Pittard thinks he has a “hard case” for Lewisians. It relates to the following generalization of the so-called “reflection principle”:

EXPERT REFLECTION: If I know that S is an expert on p relative to myself, then my credence for p conditional on S’s credence for p being x should also be x.

Here, to be an “expert” on p relative to me, S needs to know all I do about p and perhaps more. (I condone S’s priors and know that any worlds I have eliminated, S too has eliminated–perhaps more.) Pittard claims that many philosophers have endorsed EXPERT REFLECTION. There is something already quite odd about this. EXPERT REFLECTION clearly has naive reflection as a consequence, and there are known counterexamples to naive reflection. Future time slices of me, in particular, are experts relative to me about everything, so any instance in which reflection between now and later fails will be an instance in which EXPERT REFLECTION fails. On the other hand, there is, as Conitzer puts it, “a version of this principle by which we would care to abide”. And it’s called (queue drumroll) The Bounded Martingale Stopping Theorem! (I love repeating myself. And I have to do it, apparently, as philosophers seldom read memos–or emails, I have discovered–from sarcastic mathematicians.) This theorem fixes naive reflection by adding a condition to the antecedent…namely that later be a “stopping time”; in particular the agent needs to be able to recognize when later has arrived. (So the agent could say stop! at that time; i.e. could recognize that her location in time matched that described by her former self.)

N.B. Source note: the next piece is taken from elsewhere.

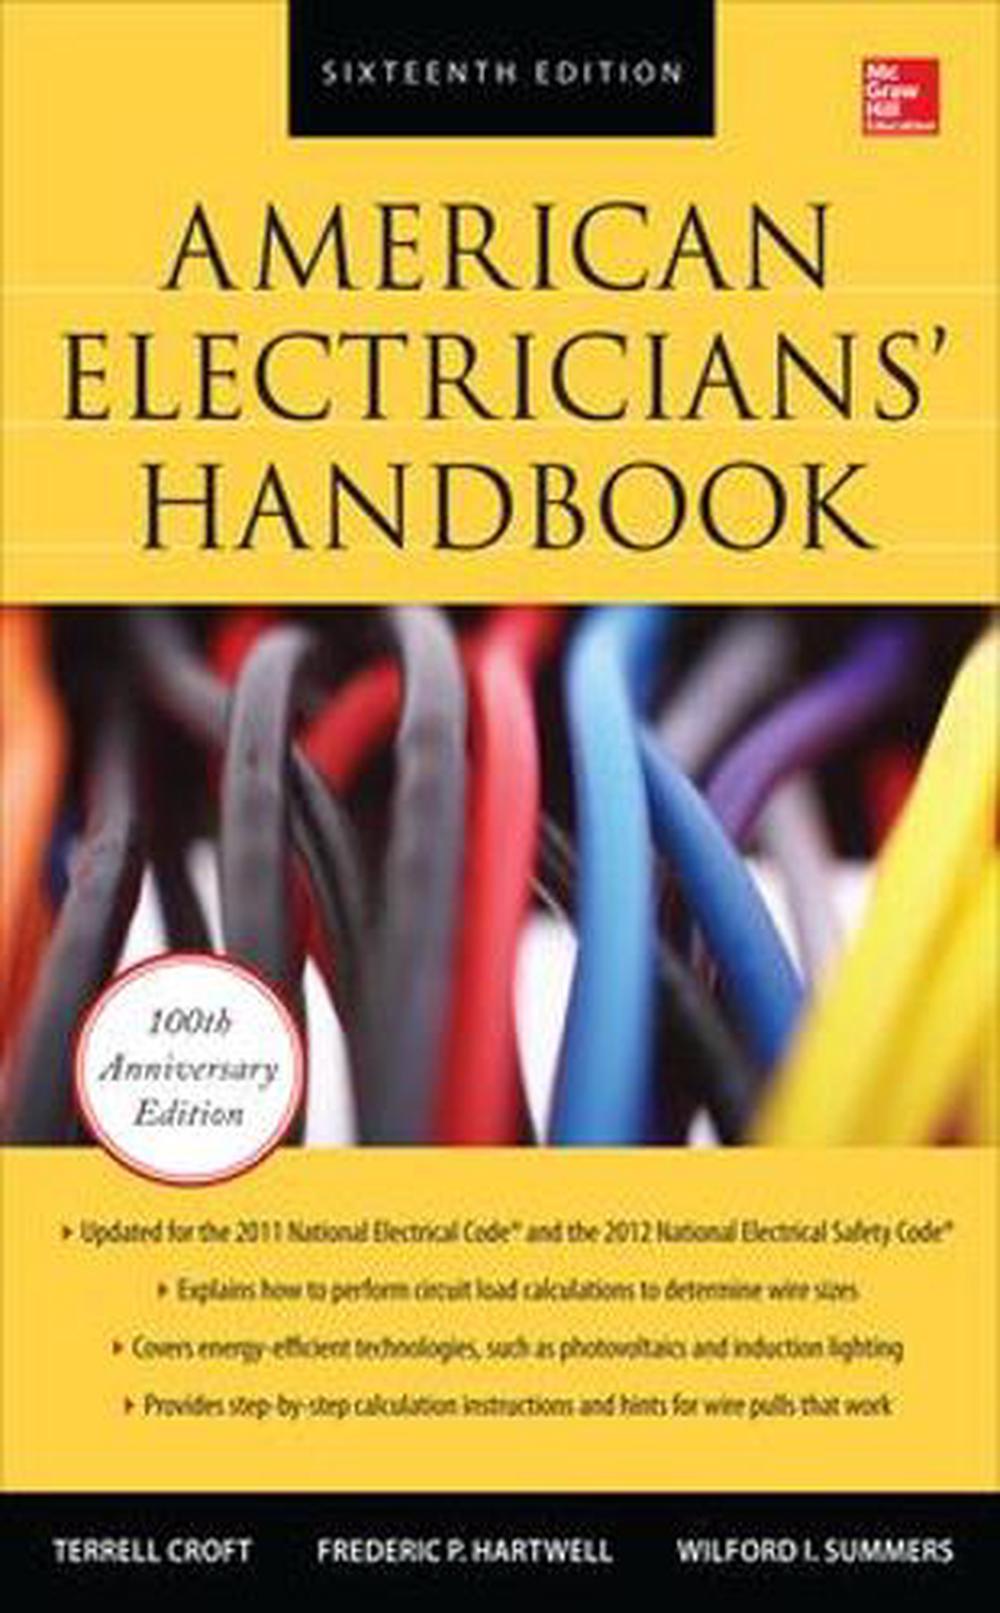 electrician handbook free download

So, if EXPERT REFLECTION wants to be true, it’s wanting for a corresponding condition in the antecedent. Namely, if we want reflection between me and expert to hold, then expert has to recognize that his identity matches that described by me. (I don’t have a catchy name for such an expert…stopping expert doesn’t seem to work very well, though, arguably, neither does stopping time–philosophers have, after all, steadfastly refused to recognize the significance of the latter.) If we make this change, then EXPERT REFLECTION is saved. There is no need to discredit it. Indeed, to discredit it is misleading. It also reflects ignorance of the literature. Yet this is exactly what Pittard does.

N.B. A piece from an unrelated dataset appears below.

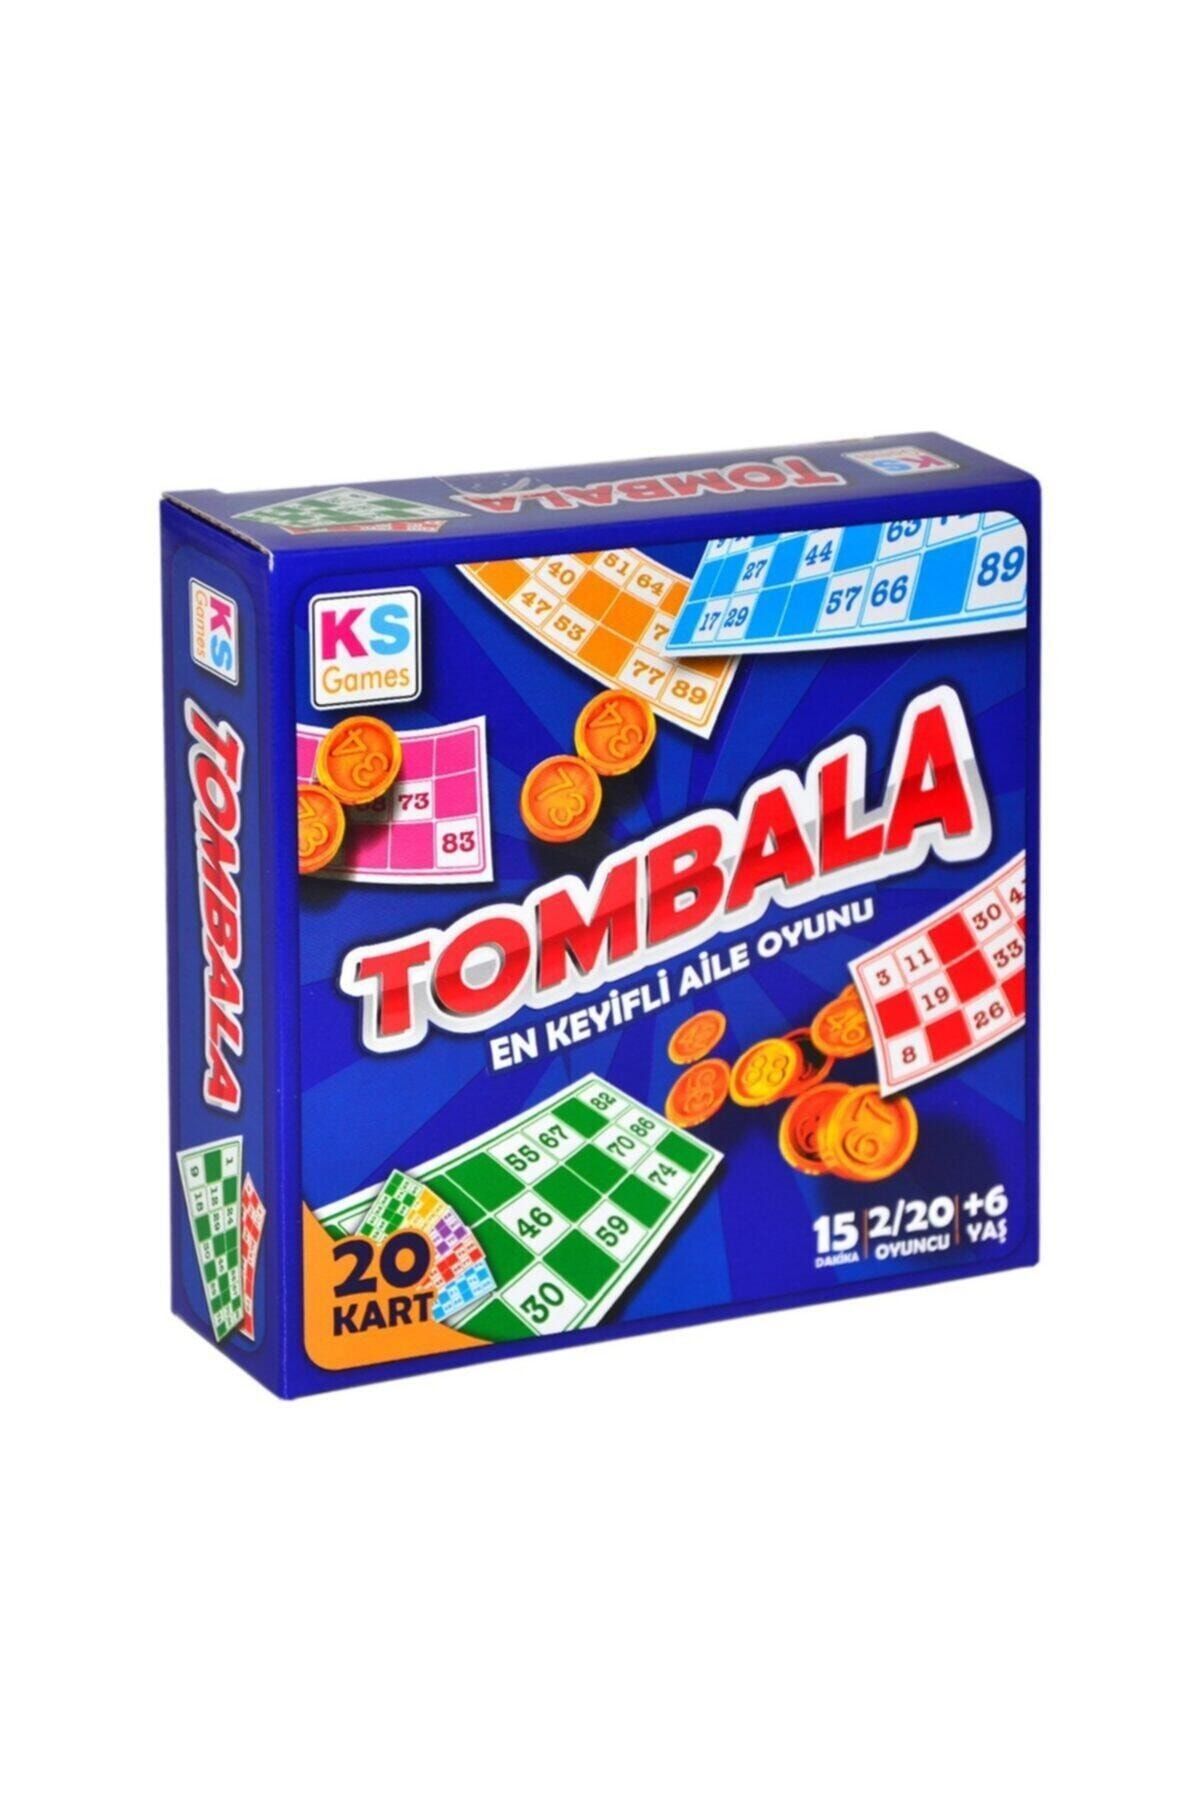 Ks Games Tombala

Pittard is worried about a case where Beauty (here a Lewisian) tries to figure out a bystander’s expected credence in heads during one of her awakenings. The bystander knows what day it is and knows whether Beauty is awake. So for Beauty, bystander’s expected credence in heads is 3/8; if Monday (which Beauty assigns probability 3/4) bystander has no evidence bearing on the toss and if Tuesday (which Beauty assigns probability 1/4) bystander knows tails. Pittard thinks that bystander is an expert relative to Beauty about heads, but wants not for Beauty to adopt his credences. So he thinks he needs to attack EXPERT REFLECTION. He does this by constructing an unrelated (and disanalogous) counterexample in which an expert fails to recognize that his identity matches that described by me.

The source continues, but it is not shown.